# Goodbye Sir Charlot!



## 2mnycars (Jul 1, 2011)

Sir Charlot was our Rescue Golden. He was bilingual. He had been rescued before, in Montreal. He was badly abused and beaten by this family. He was turned into a killer pound, where Montreal Golden Rescue Discovered Him. 
Bentley was given a couple of days to live by our wonderful Vet. We met the wonderful lady who handled his rescue, in Kingston. We drove him home to Toronto. He was one year old. Maybe more.
It was hard. Many stories.
The good news? He was the very best when he learned we loved him forever. 
He lived to be 16-1/2; maybe more. We don't know how old he was when we got him.

Love you Sir Charlot.
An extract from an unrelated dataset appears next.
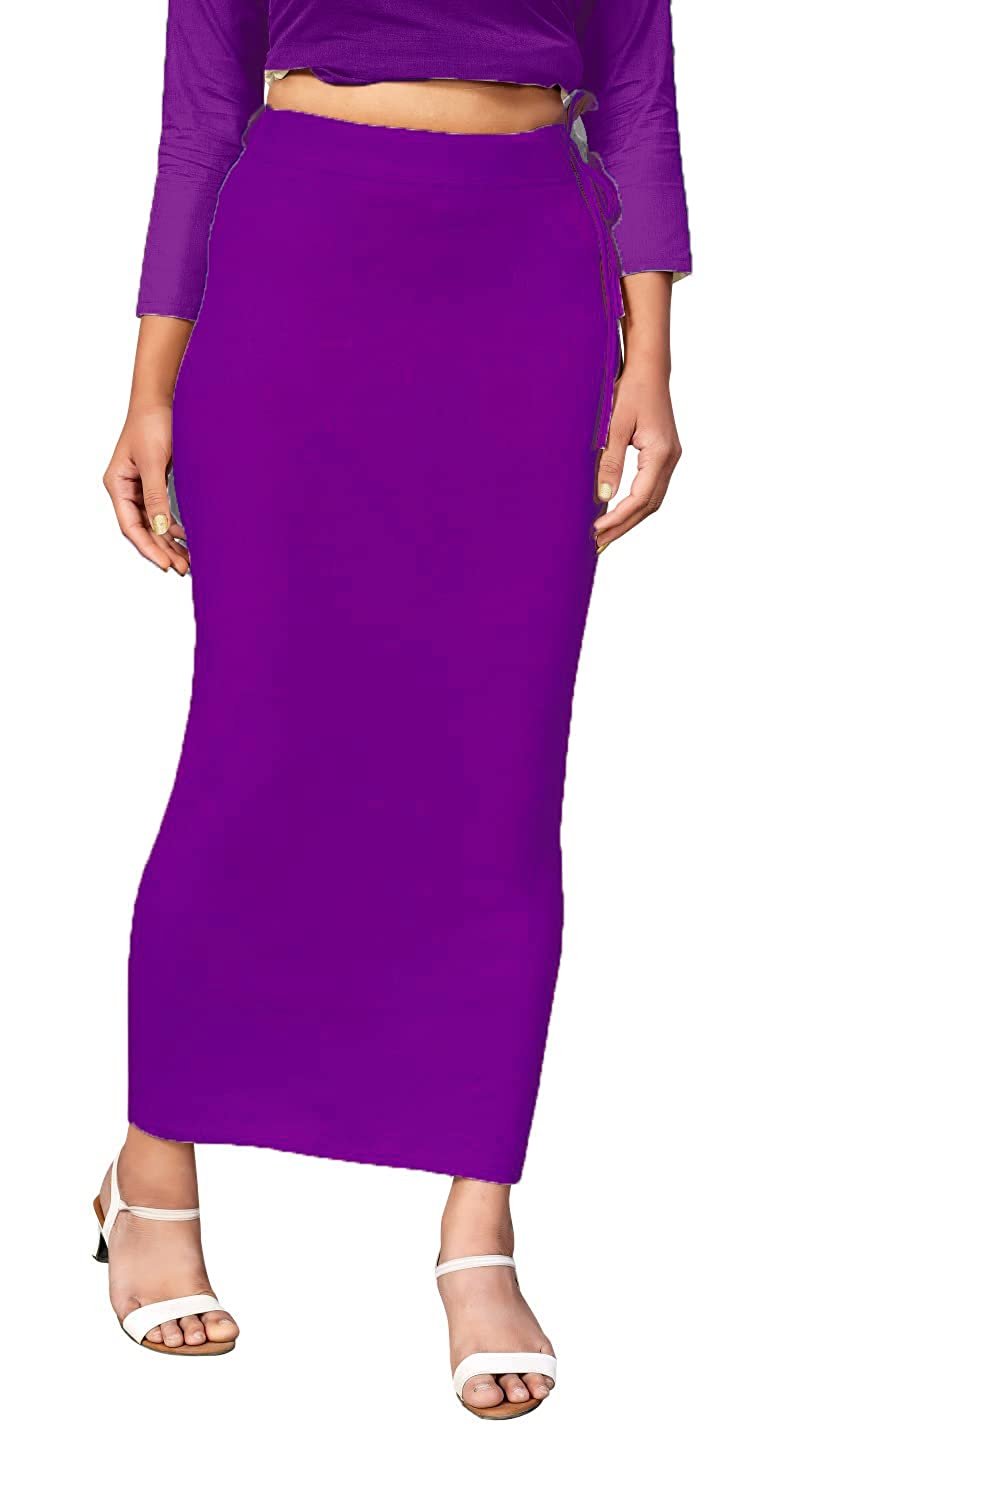 Saree Shapewear - Purple - Swapna Creation

You had to work 1000 times harder to become the best ever. 

Forever in our hearts.


----------



## 2mnycars (Jul 1, 2011)

Morgan is 8 now! Time to change my signature.


----------



## eeerrrmmm1 (Apr 15, 2018)

I'm sorry for your loss. 16 years is a wonderfully long life for a golden and it sounds like you were able to give him a much better life than he started out with. You said he was bilingual, I assume that means he responded to both English and French? That's so cute.


----------



## cwag (Apr 25, 2017)

I'm sorry for your loss. I hope you find comfort and even joy when you think about what a great life you gave him.


----------



## Rastadog (Oct 24, 2006)

Sir Charlot’s story is great! The right dog finds the right human. It is so hard to lose a long term companion dog. He’ll always be with you.


----------



## CAROLINA MOM (May 12, 2009)

I am very sorry for your loss of Sir Charlot, he had a long good life and knew he was loved.


----------



## swishywagga (Nov 13, 2012)

I'm so very sorry for your loss, would you like me to add Sir Charlot to The Rainbow Bridge List?.


----------



## 2mnycars (Jul 1, 2011)

swishywagga said:


> I'm so very sorry for your loss, would you like me to add Sir Charlot to The Rainbow Bridge List?.
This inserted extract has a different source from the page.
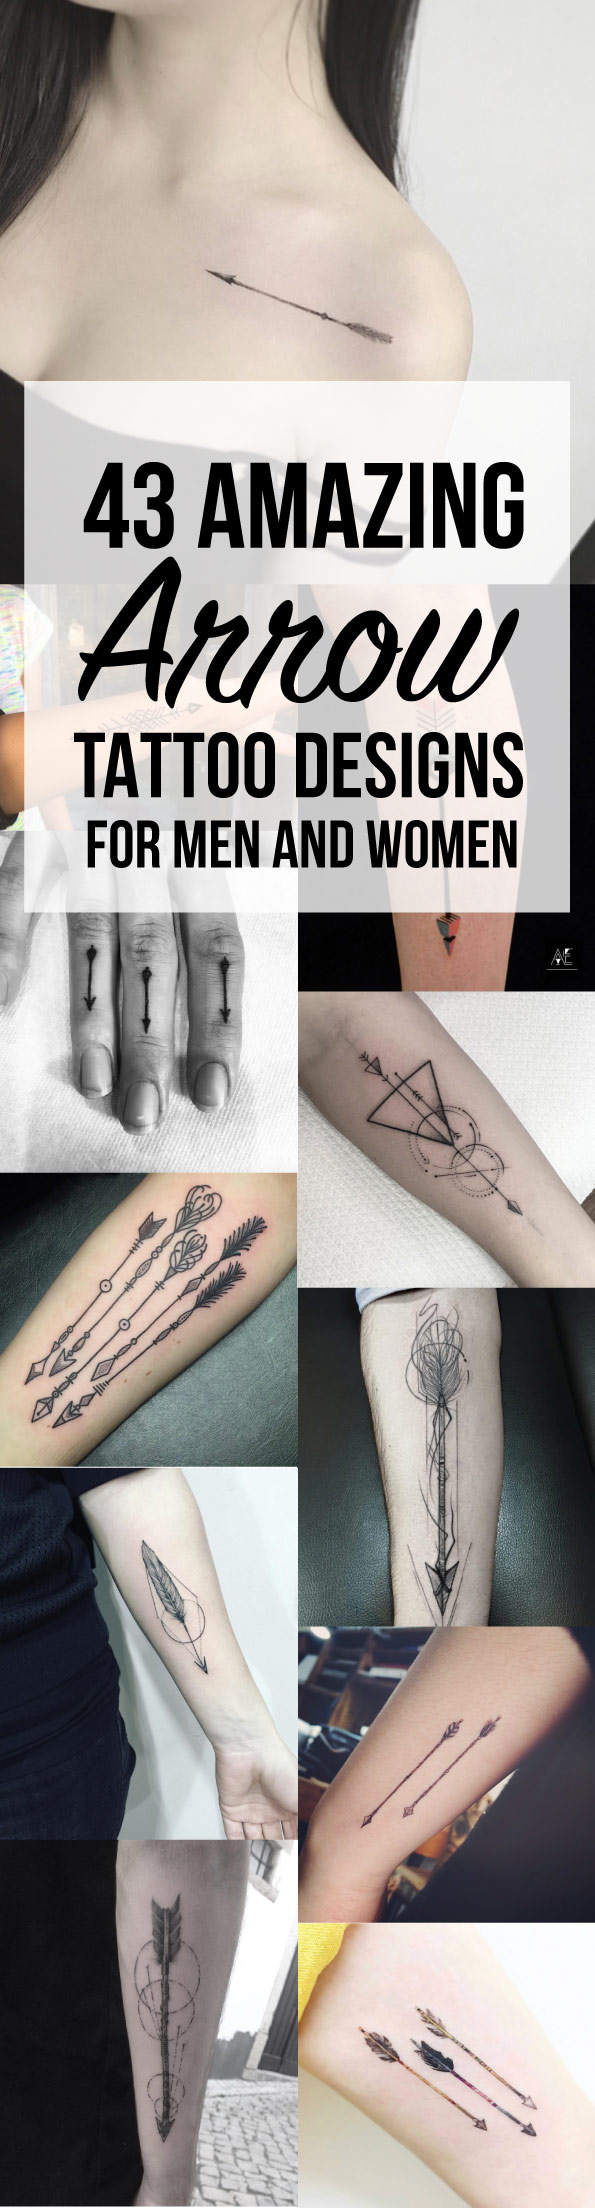 43 Amazing Arrow Tattoo Designs for Men and Women - TattooBlend

Yes please....his name actually was* Charlot.* I understand that means "Little Charlie" Whenever I introduced him to people, they thought he was female, perhaps "Charlotte". So I started calling him Sir Charlot. to people who didn't know him...
He worked 1000 times harder than others to become best dog ever. He taught me so much.


----------



## swishywagga (Nov 13, 2012)

2mnycars said:


> Yes please....his name actually was* Charlot.* I understand that means "Little Charlie" Whenever I introduced him to people, they thought he was female, perhaps "Charlotte". So I started calling him Sir Charlot. to people who didn't know him...
> He worked 1000 times harder than others to become best dog ever. He taught me so much.


If you would let me know the date of his passing I'll had him to the list.


----------



## 2mnycars (Jul 1, 2011)

Charlot passed November 3rd 2019....his age was at least 16-1/2; perhaps 17...

Thank you so much.


----------



## swishywagga (Nov 13, 2012)

2mnycars said:


> Charlot passed November 3rd 2019....his age was at least 16-1/2; perhaps 17...
> 
> Thank you so much.


I have added precious Charlot to the list x


----------



## 2mnycars (Jul 1, 2011)

Thanks so much!
When we spoke for Charlot, picked him up and brought him home, we had 3 Goldens in the house!
Bentley stayed an extra year and a half to make sure that Charlot was raised right! (Dr Kopinak said Bentley had days to live and we picked up Charlot 3 days later. Bentley then lived another year and a half!) I used to pick up Bentley's hind quarters and wheel-barrow him up the stairs. Going down we put a harness on his chest, and another on his hind end. I always asked permission. "Bentley would you like your flight suit on?" He would wag his tail "Yes".Then two of us would carry him down the stairs.
Quin was our Champion. We got her at 5 years of age. She needed a forever home, because she was Champion already. Such a pretty girl. Bentley. Quin. Charlot. Oh my!


----------